Northern elephant seals sleep hundreds of meters below the sea surface, away from predators.
Researchers say that the mammals take two hours of "nap-like sleeping dives" every day. The findings of science are disseminated.
A non-invasive stick-on tag was developed by Jessica Kendall-Bar and her colleagues at UC Santa Cruz. This tag can be used to track and watch the brain activity of wild northern elephant seals that live off the coast of California. They went on hunting missions that lasted seven months and covered 6,200 miles, and they managed to find eight different wild species. They monitored the animals' brain activity as well as their heart rates, how they moved, and where their bodies were positioned. A researcher at Oxford University named Ritika Mukherji stated that "We came up with a scientific' signature for sleep' by studying their behavior and physiology for many years."

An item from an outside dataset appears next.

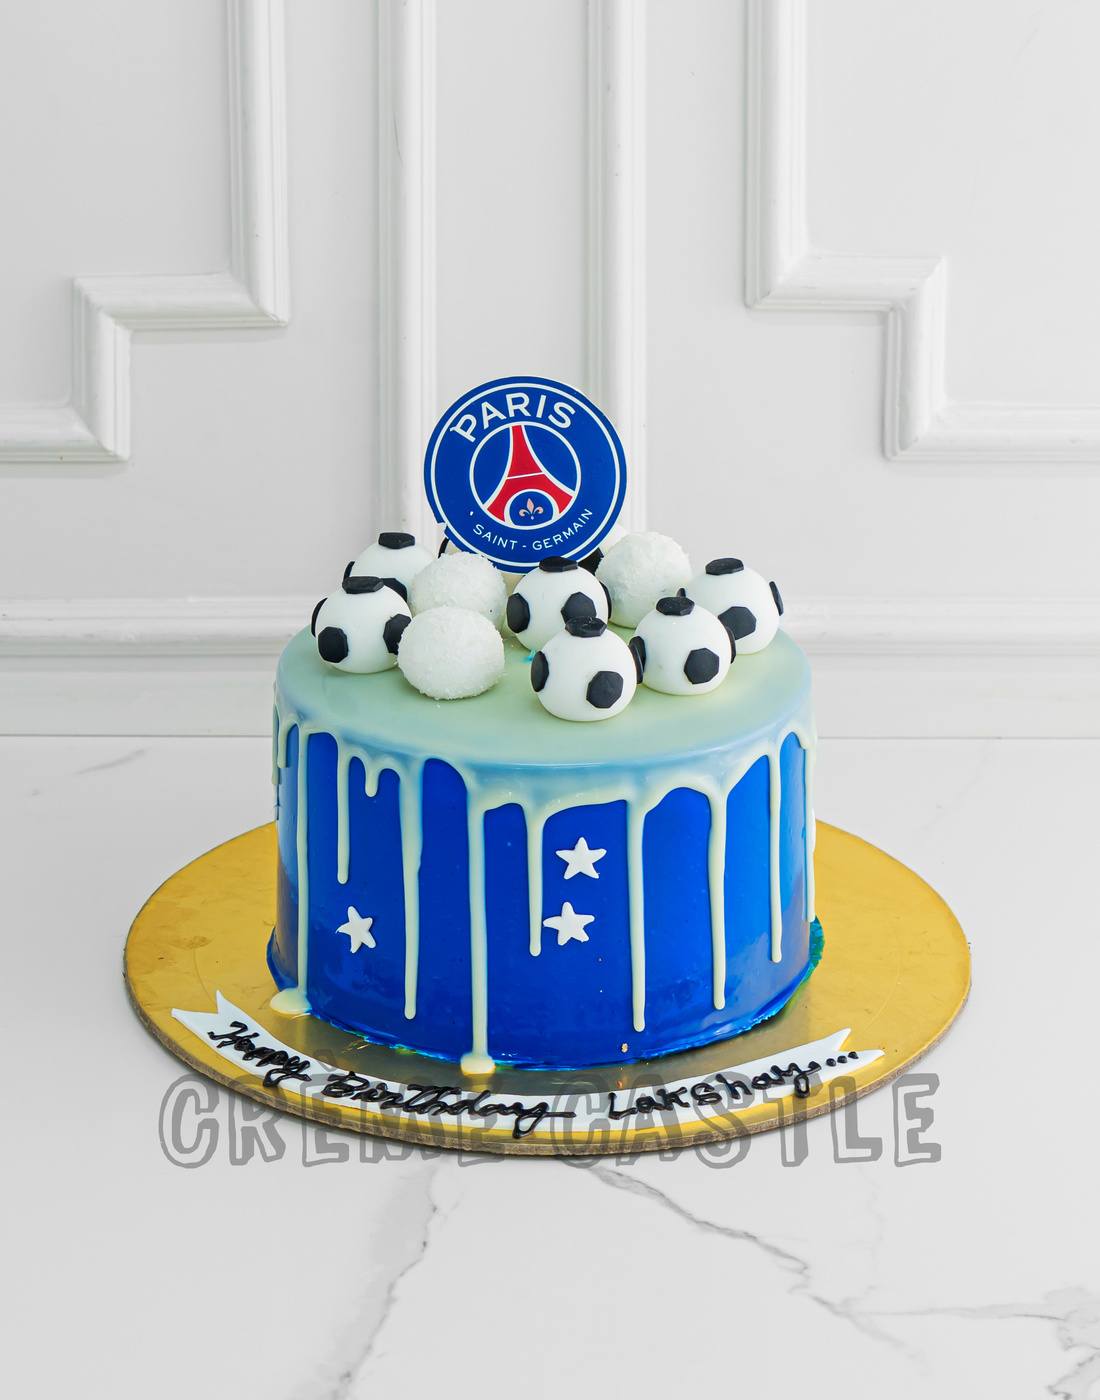 A Paris Themed Cake Made For A Beautiful Friends Birthday Celebrations |  Paris themed cakes, Paris birthday cakes, Themed cakes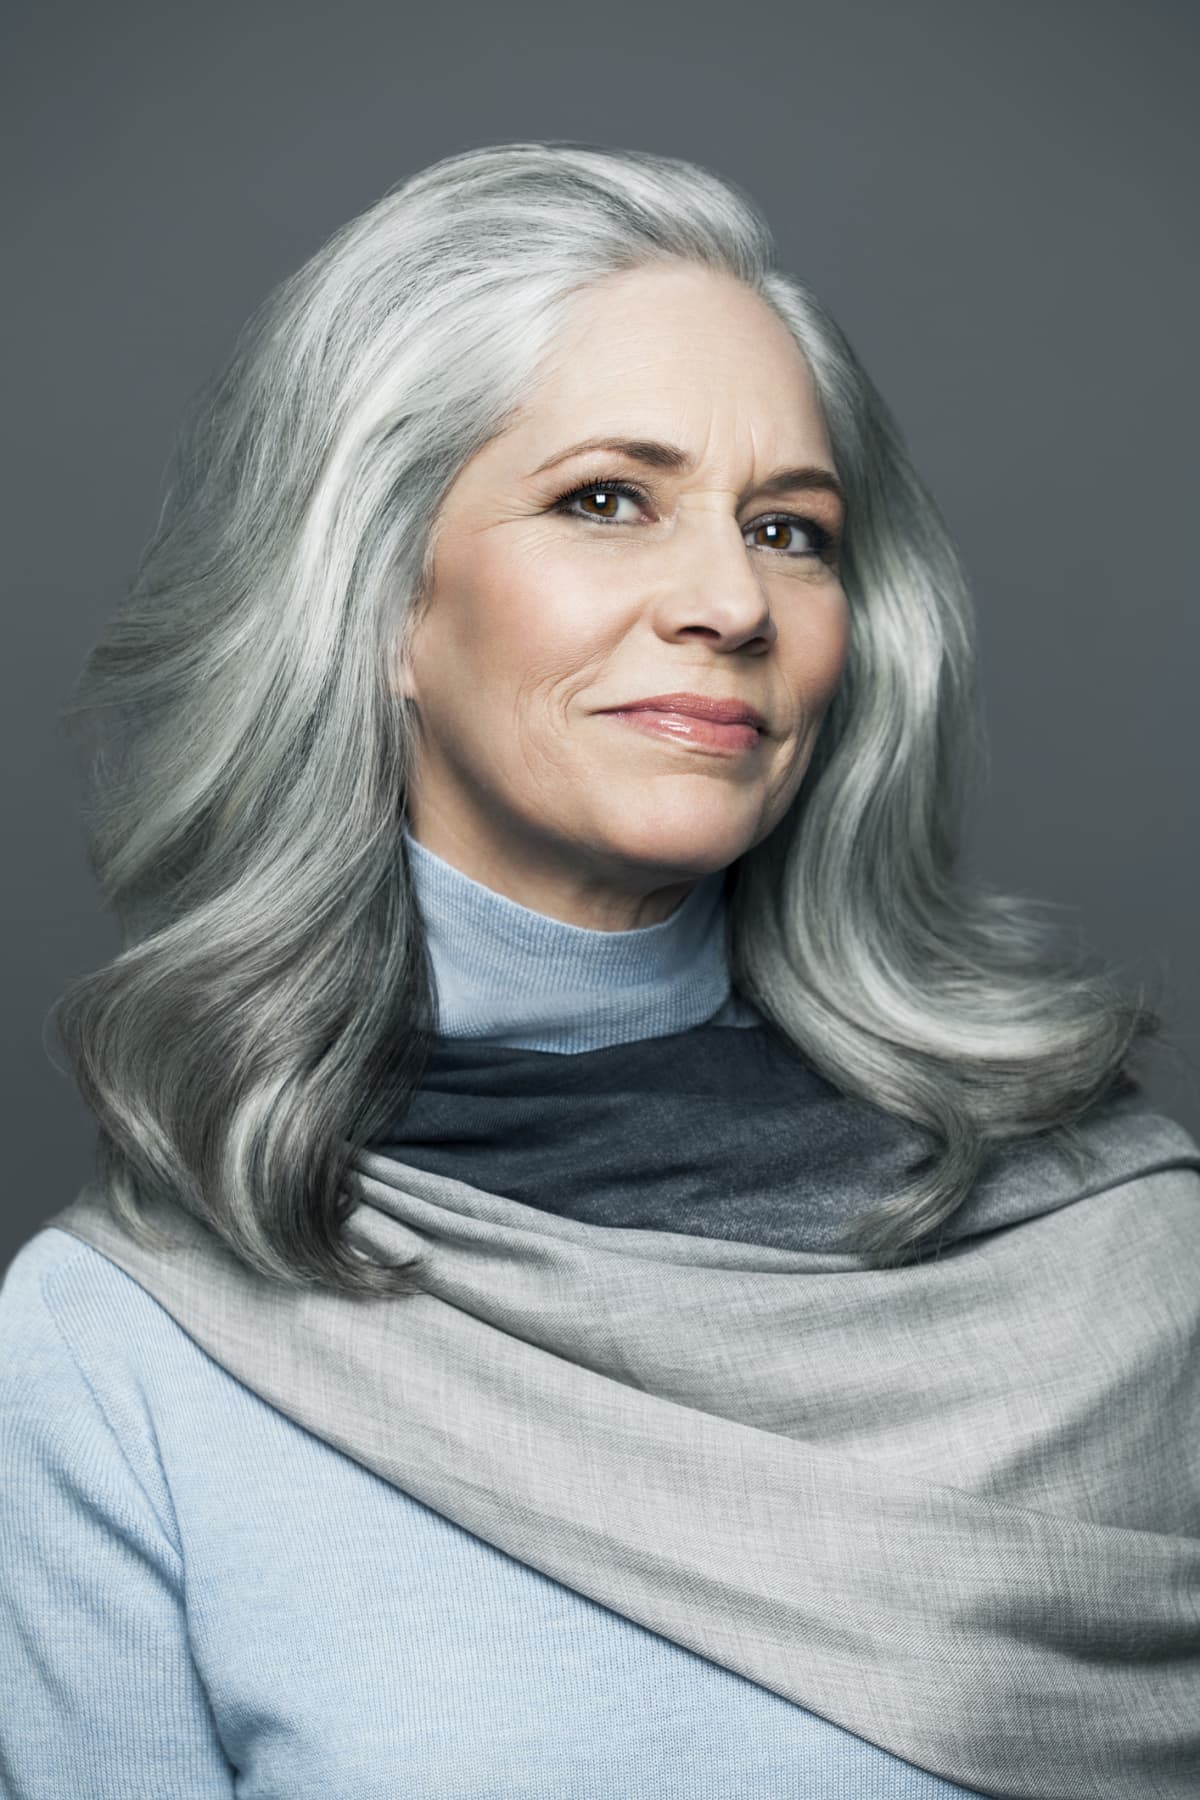 What Is The Average Age To Get Gray Hair?

When they were deeper than 984 feet, seals would become sleepy and drop in what are called "sleep spirals" for a period of twenty minutes. "They look like falling leaves," Ms. Mukherji added. According to the primary researcher from UC Santa Cruz, Professor Terrie Williams, who was interviewed by BBC News, said, "I find it amazing that any mammal would fall asleep while floating hundreds of meters below the surface of the water."
"This is a deep sleep, the kind that leaves people unable to move and causes them to snore. Even when the seals' lungs are completely empty, their brains are able to force them to wake awake. Imagine you've fallen asleep at the bottom of a pool and you wake up there. That is rather unsettling. The "nap maps" that they created for seals imply that the locations where seals sleep may be just as essential as the locations where they hunt. According to Ms. Mukherji, "It shows us what their world looks like and helps us understand what they're doing and when they're doing it, so that we know how to stay out of their way."